- [EXERCISE GOAL] Write out exactly the lines of the entries below from the one holding "Cool Wolf full wallpaper" to the one holding "Motorcycle gloves cruiser", inclusive, and leave out all other lines.

- [MATERIAL FOR THIS TASK]
Start of Block

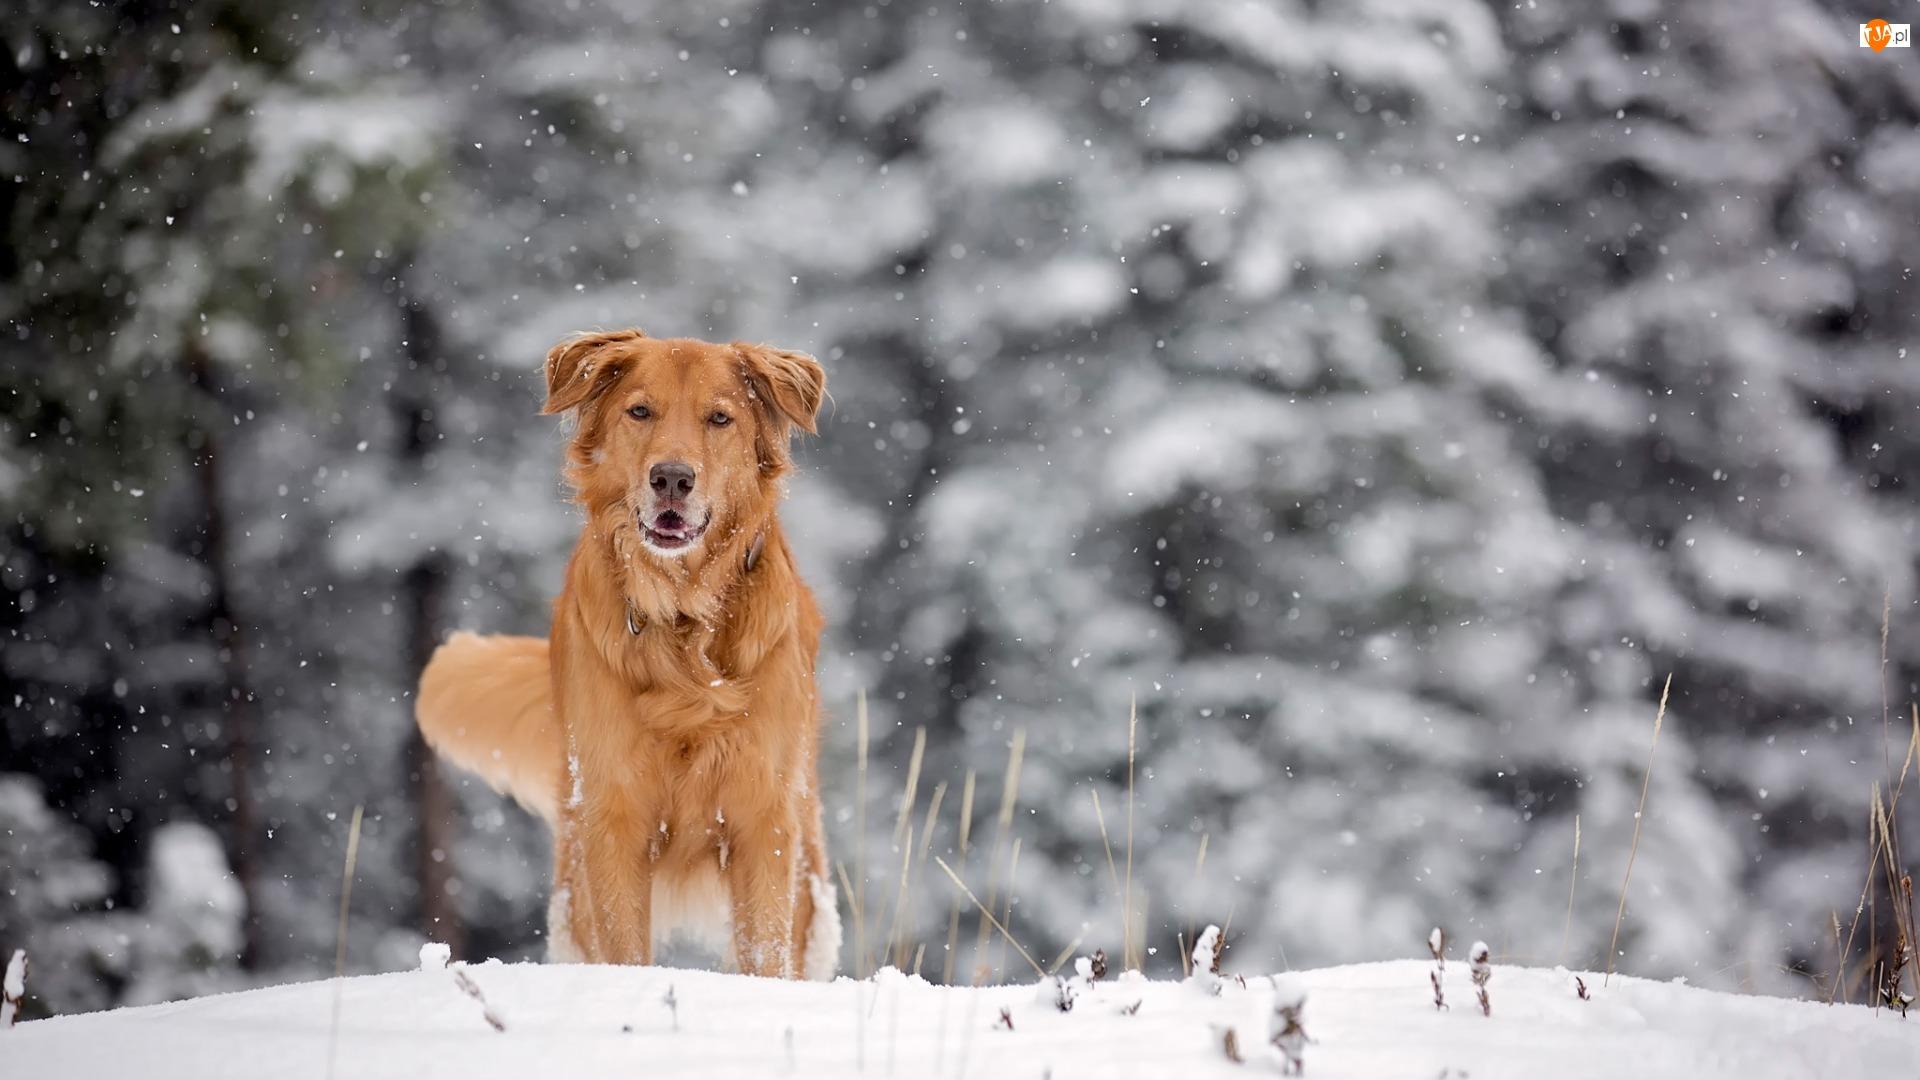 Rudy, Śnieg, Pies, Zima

End of Block
Start of Block

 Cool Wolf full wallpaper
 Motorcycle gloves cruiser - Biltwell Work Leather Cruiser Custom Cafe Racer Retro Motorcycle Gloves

End of Block

- [YOUR SOLUTION]
 Cool Wolf full wallpaper
 Motorcycle gloves cruiser - Biltwell Work Leather Cruiser Custom Cafe Racer Retro Motorcycle Gloves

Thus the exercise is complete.